Robert “Bob” Belyea, a resident of Potsdam, died peacefully at his home on December 18, 2015. He was 93. He is survived by his wife of 71 years, Shirley, and his daughter Deborah Cady of Hannawa Falls. A son, Eric and a sister Ann White predeceased him. Funeral arrangements are with the Garner Funeral Home. Calling hours will be on Monday December 21, 2015 from 3pm to 7pm. A funeral service will be held at the funeral home on Tuesday, December 22, 2015 at 2:30pm with Father Howard Venette officiating.
He was born in Massena on May, 09 1922 the son of the late Dr. Leonard and Ruth (balch) Belyea, moving to Potsdam when he was 10. After graduation from Potsdam High School, he joined the Army Air Force during World War II and trained and qualified as a fighter pilot, but by then the military was looking at invading Japan and needed more bomber pilots, so he became a co-pilot in B-24s, B-17s and B-25s.
After the war he worked at the Racquette River Paper Company, eventually running the coating division for fancy coated papers. When the plant was sold, he moved to Van Ness Hardware Stores as a store manager, overseeing six or seven stores around the North Country. He was also helping a carpenter at Van Ness and decided he liked that better than traveling to a different store every day.
He was a technician with the building program at what is now SUNY Canton for 15 years, where he helped start the annual project of building modular homes. He retired in 1975.
Bob had a lifelong passion for the outdoors and woodworking. He was active to the end of his long life making canoes and collecting antiques.
“You’ve got to have something to do,” Bob often said and he did a lot.

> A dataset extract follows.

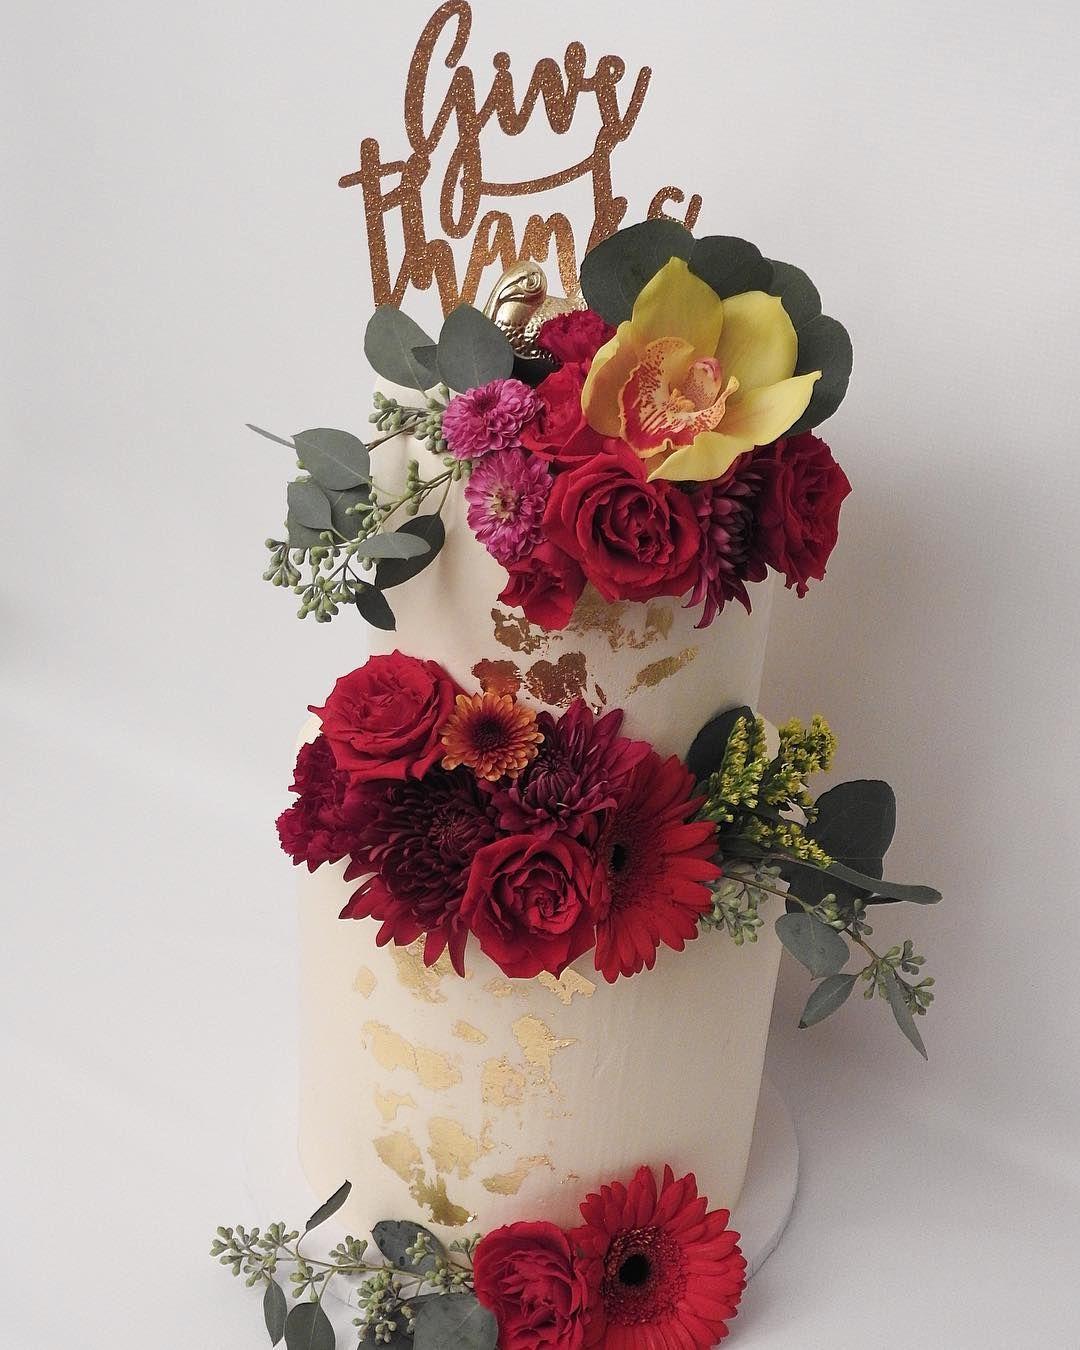 Another shot of this TALL beauty. Cake for breakfast? #thankful #thanksgiving #floralcake #cakeporm #bakeninja #buttercream #cakelife #homebaker #gold #wedding #weddingcake #cake #caketopper #yum #hellogorgeous #minnstagrammers

His home was filled with award-winning decoys and other bird carvings, and collectibles of several varieties: old glass power line insulators, bottles, horns and antlers, fishing flies, powder horns, arrowheads, 5,000-year-old stone canoe gouges, and bonsai trees.
Starting in the late 1950s he began bird carving. He won a Canadian national competition in 1968, a best-in-show in the amateur division at the U.S. national decoy show in Salisbury, Md., in 1971, and then turned his talents to building canoes, about one a year. He built about 30, including one of a single piece of birch bark that took him four years to find.
A digital camera turned him into an outstanding nature photographer.
He hunted and fished all his life, travelling well into northern Canada with his buddies. His favorite local angling spot was on Carry Reservoir, along the Raquette in Colton.
Bob’s home, which he and his family built by hand, was a museum of natural history and a regular gathering place for his many family and friends who were always eager to see his latest creations and acquisitions and to hear the stories of his fascinating life.
In lieu of flowers, the family has requested that memorial donations be made to the Potsdam Humane Society or Hospice and Palliative Care of St. Lawrence Valley.